Standardizer brings molecules to a standardized form by applying standardization actions to the molecules. These actions can be simple tasks such as conversion of explicit H atoms to implicit form or vice versa, aromatization or dearomatization, keeping only one fragment of a salt molecule, clear stereo data or set / remove the absolute stereo (chiral) flag and recalculating atom coordinates (clean). The other action type is defined by a reaction equation given in a reaction molecule file or as a SMARTS string. These reactions specify transformations of functional groups (e.g. transforming nitro groups) which are applied to transform all matching functional groups in the input molecules.
Standardizer actions are specified in a Configuration XML. It is also possible to define actions in a simple action string in case when simple actions mostly use their default options and the reaction actions can be given in SMARTS form.
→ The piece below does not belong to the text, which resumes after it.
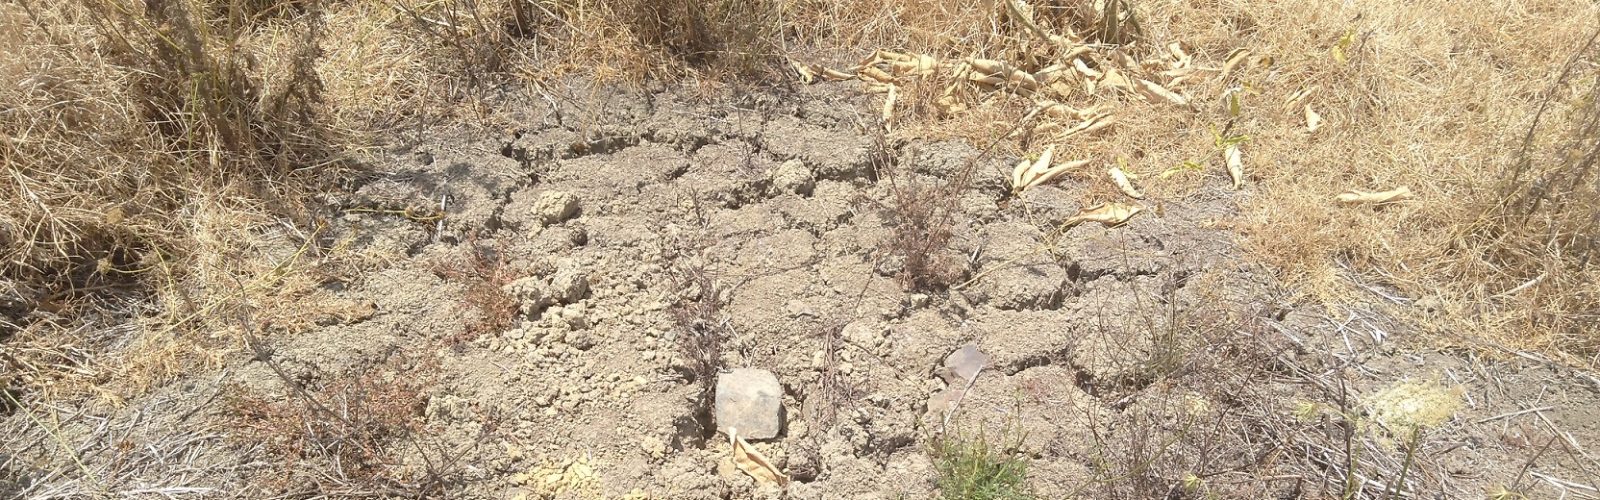 Soil shrinkage becoming a focus - Header Image
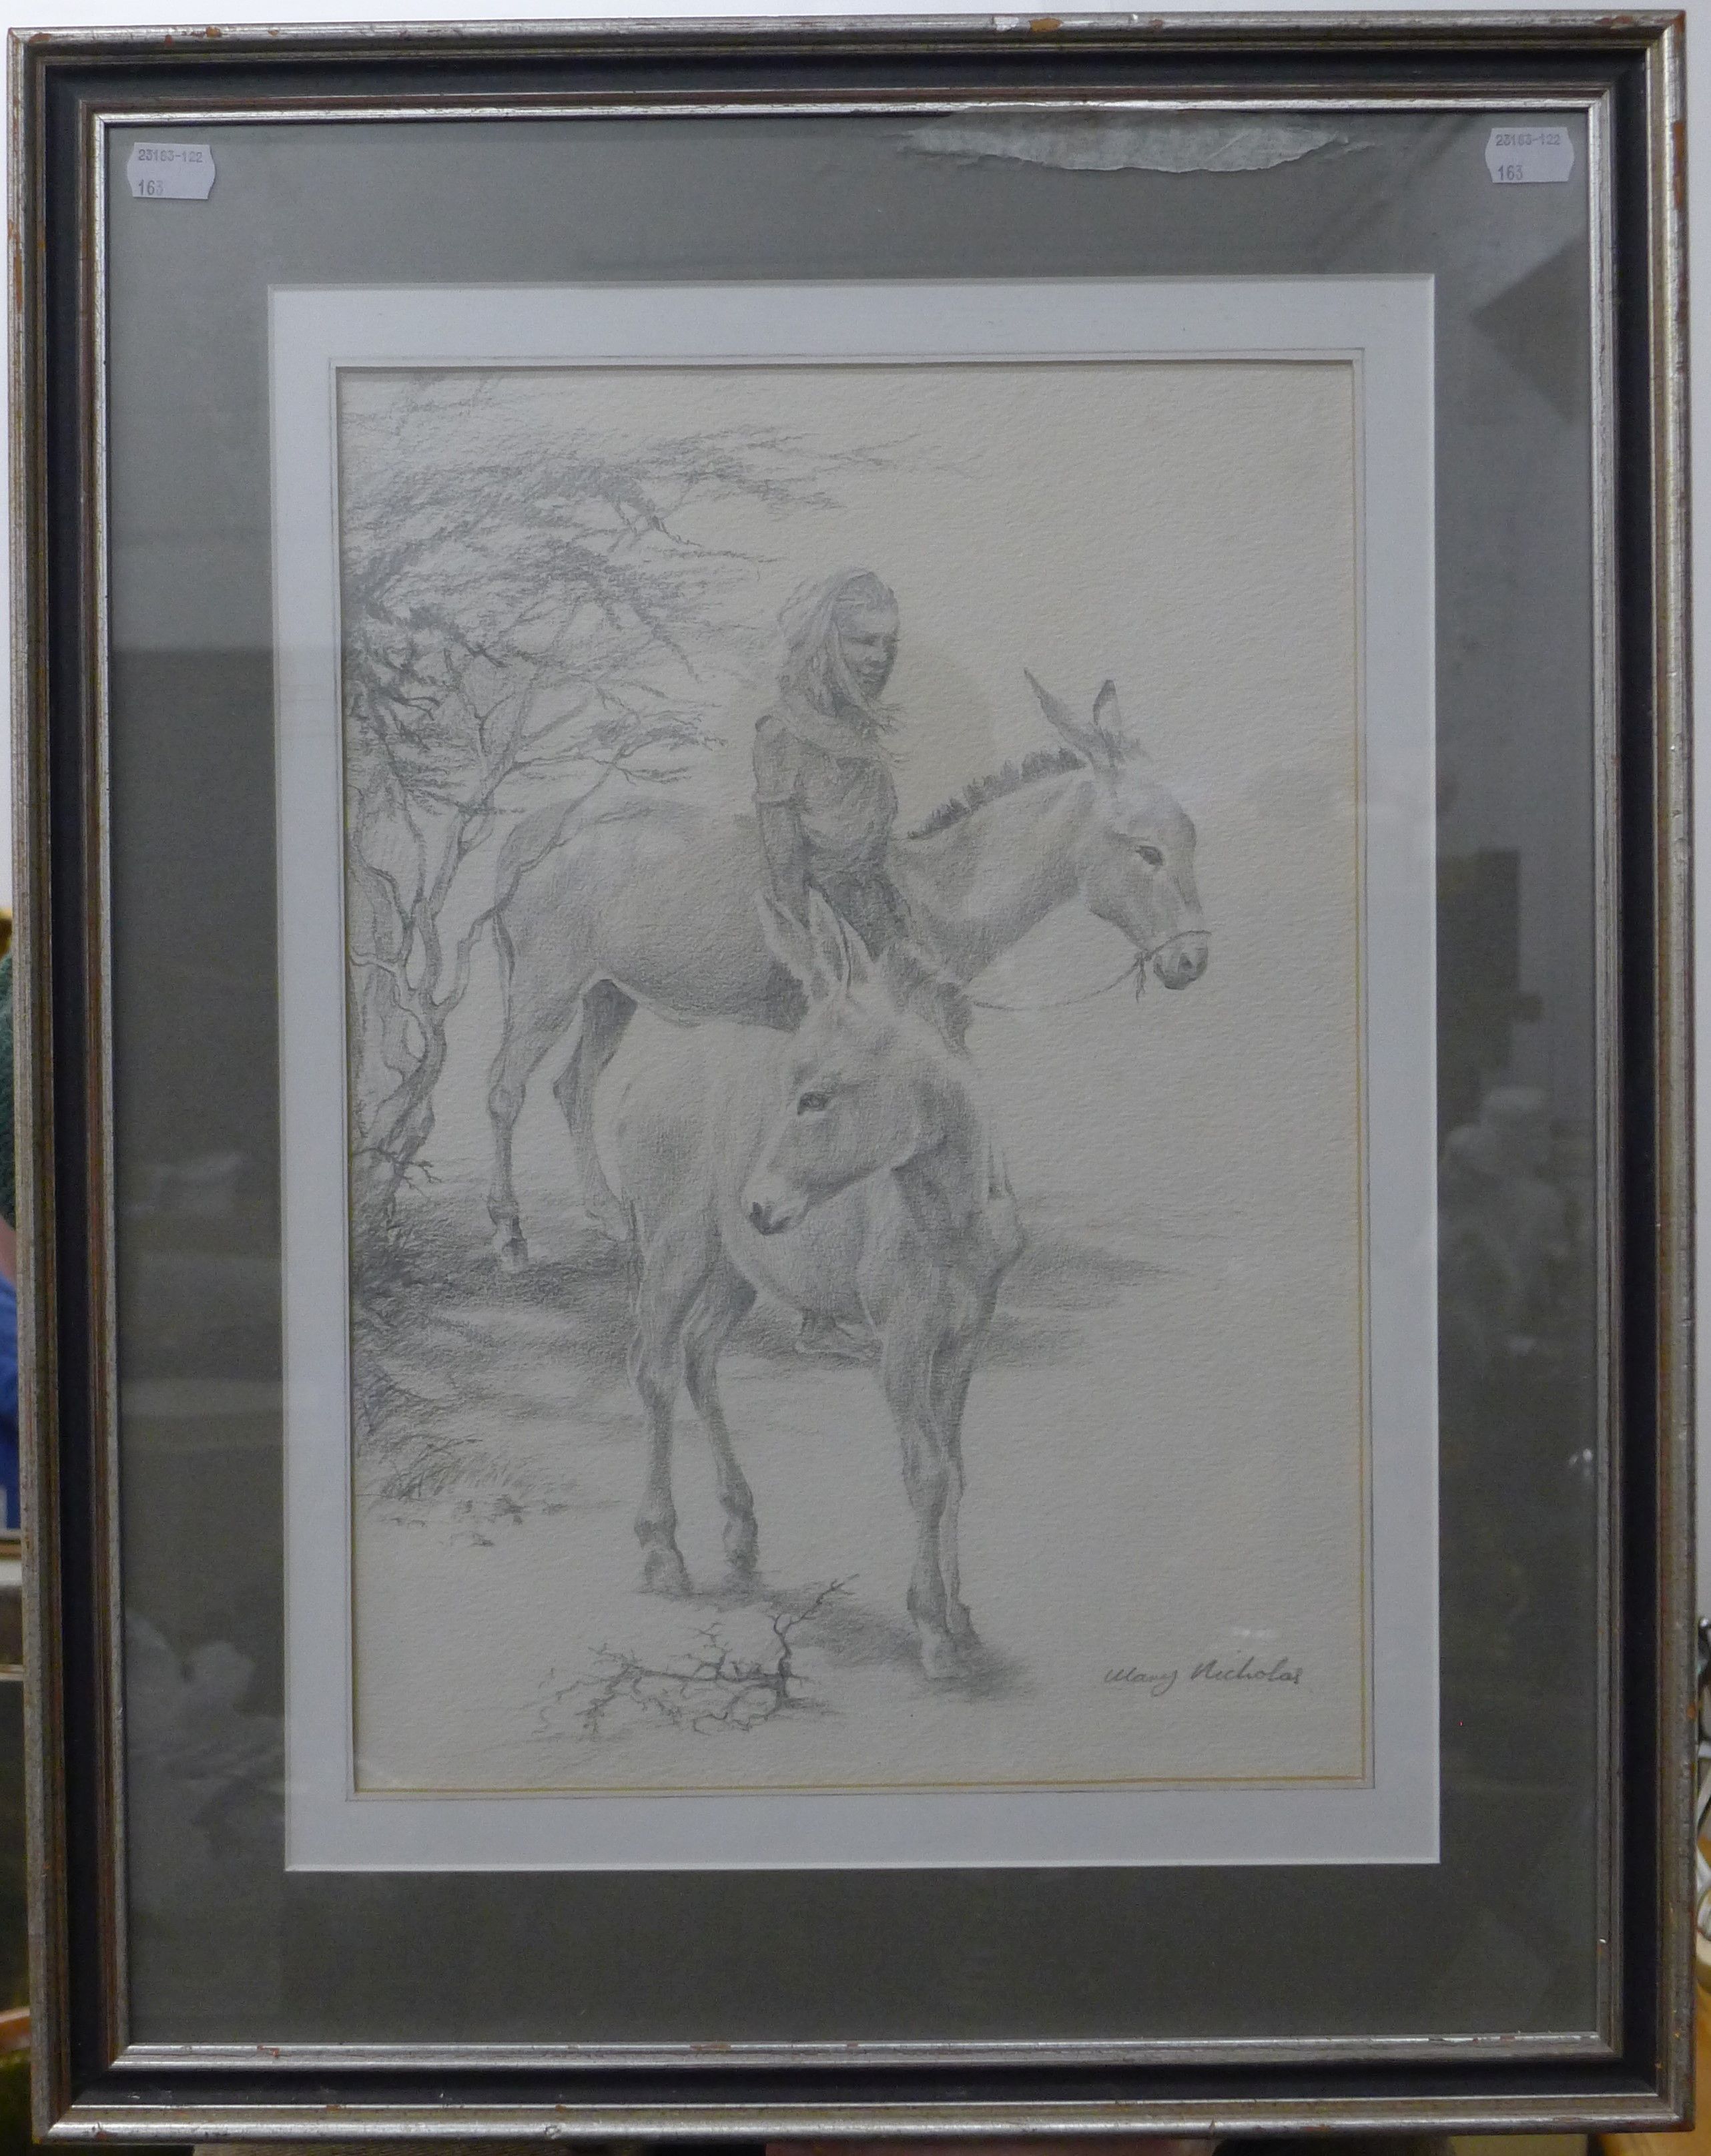 MARY NICHOLAS, Woman with Donkeys, pencil, framed and glazed. 30 x 42 cm. - Image 2 of 3

The standardization transformations performed by the Standardizer are
determined by the configuration file (specified following the --config
mandatory command line parameter). Transformations can be given as
The configuration file is an XML file.
The transformations are given in subelements of the
<Actions> subsection, identified with an
ID attribute and processed in the order they are given
in the configuration XML:
<Aromatize> subsections:
performs aromatization, can also be referenced from the
simple action string.
In most cases this task is essential and it is best to be put in the first place, see the notes on task ordering and aromatization.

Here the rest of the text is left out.